Release * darling Shop Boys * Sanctuary "It's not as easy as it was/ Or as difficult as it could be.


Release * darling Shop Boys * Sanctuary

"It's not as easy as it was/ Or as difficult as it could be," bring reproachs Neil Tennant in "The Samurai in Autumn," the haiku-like centerpiece of Release. Advance word forward the Pet Shop Boys' eighth studio album promised an uncharacteristic emphasis forward guitars, which led to an obvious question: Is the 40-something duo attempting to asylum its way out of a midlife crisis?

Hardly. As the fresh Order-ish lead single, "Home and Dry" demonstrates, there is ample space for the male childs to inhabit between the dance floor and the mosh pit (or the coffeehouse, for that matter). This isn't really a of recent origin tactic for them; it's simply the first time they've devot this a great deal of album space to it.

Creatively, it makes a certain reason After the imposing club beats and outermost mood swings of 1999's Nightlife, it's not surprising that they've replyed with something mellower. Tennant and cohort Chris Lowe don't strip down to bare acoustics here, still for the moment their trademark grandiosity is taking a backseat.

That's all well and serviceable But regardless of scale or hearty Release is a mixed affair that meet withs from underdeveloped material. "E-mail" rehashes the chords of "West completion Girls," which one could superintend if the lyrics weren't glaringly generic. "Love Is a Catastrophe" explores the swirling atmospherics of late-'80s restoration and serves as an interesting contrast to the crispness of "Home and Dry" if it were not that in its self-pity the psalm Just ... sort of meanders ... off ... somewhere. Similarly soporific production sinks the light, attractive air of "Birthday Boy."



more [i]or[/i] less ideas work: Besides "Home and Dry" and the glossy minimalism of "Samurai," the lads deliver a confident tell-off in the Britpop-modeled "I prepare Along." Better still is the astute compact storytelling of "London," a catchier and les pretentious answer to Nightlife's "Boy Strange."

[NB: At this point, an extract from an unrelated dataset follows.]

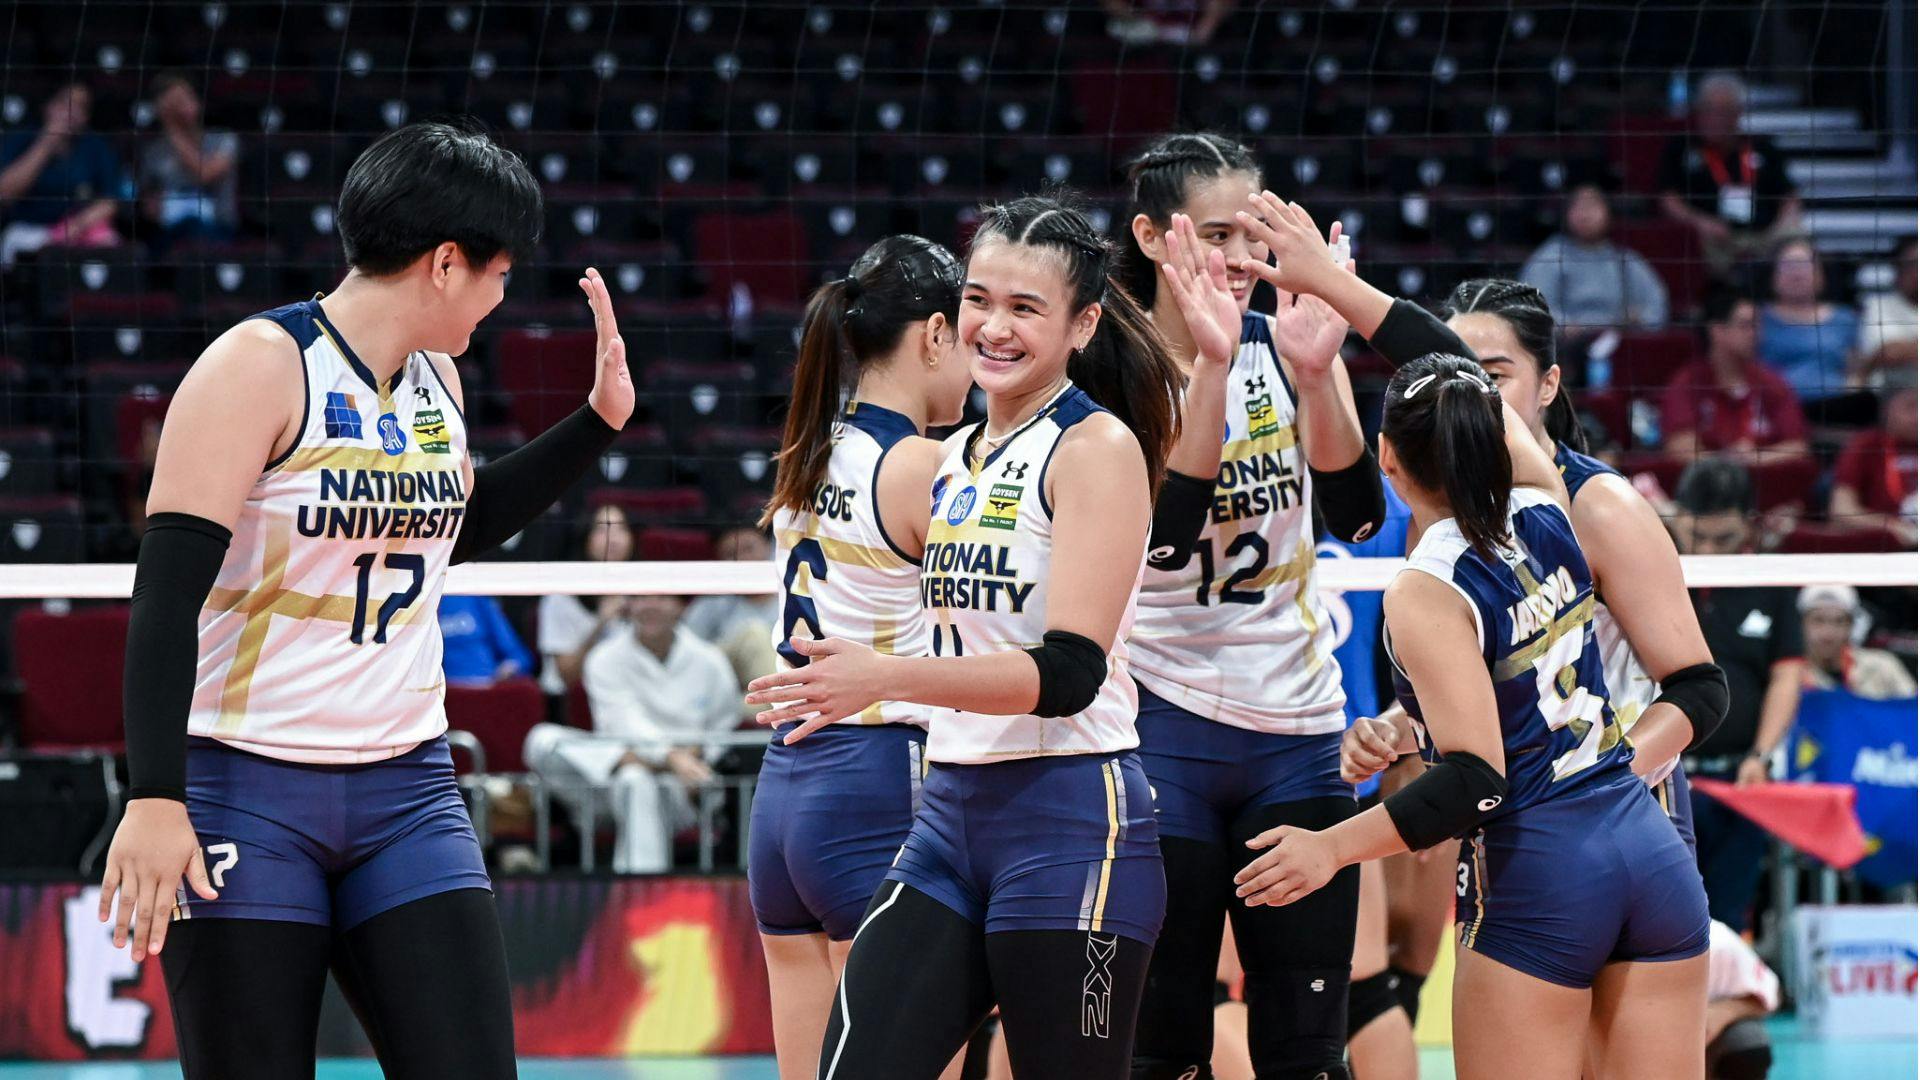 UAAP: Lady Bulldogs dodge a bullet, NU survives Ateneo in five-set thriller for first win in Season 86

Then there's "The Night I malign in Love," a.k.a. "that Eminem song" As fans of the rapper who claim to procure the joke, Tennant and Lowe cheekily recast his homophobic stanza into a tale of a gay youth's fantasy appointed meeting with a hip-hop performer who is all still explicitly named. It's a pity that more effort went into the song's lyrical verite than the drab, demo-quality music--Dido remix, anyone? However, it's worth hearing Tennant cop the "We should be together!" line from Eminem's "Stan" and invest it with the puppyish lust that was implicit in the original. The ball, Mr Mathers, is in your court.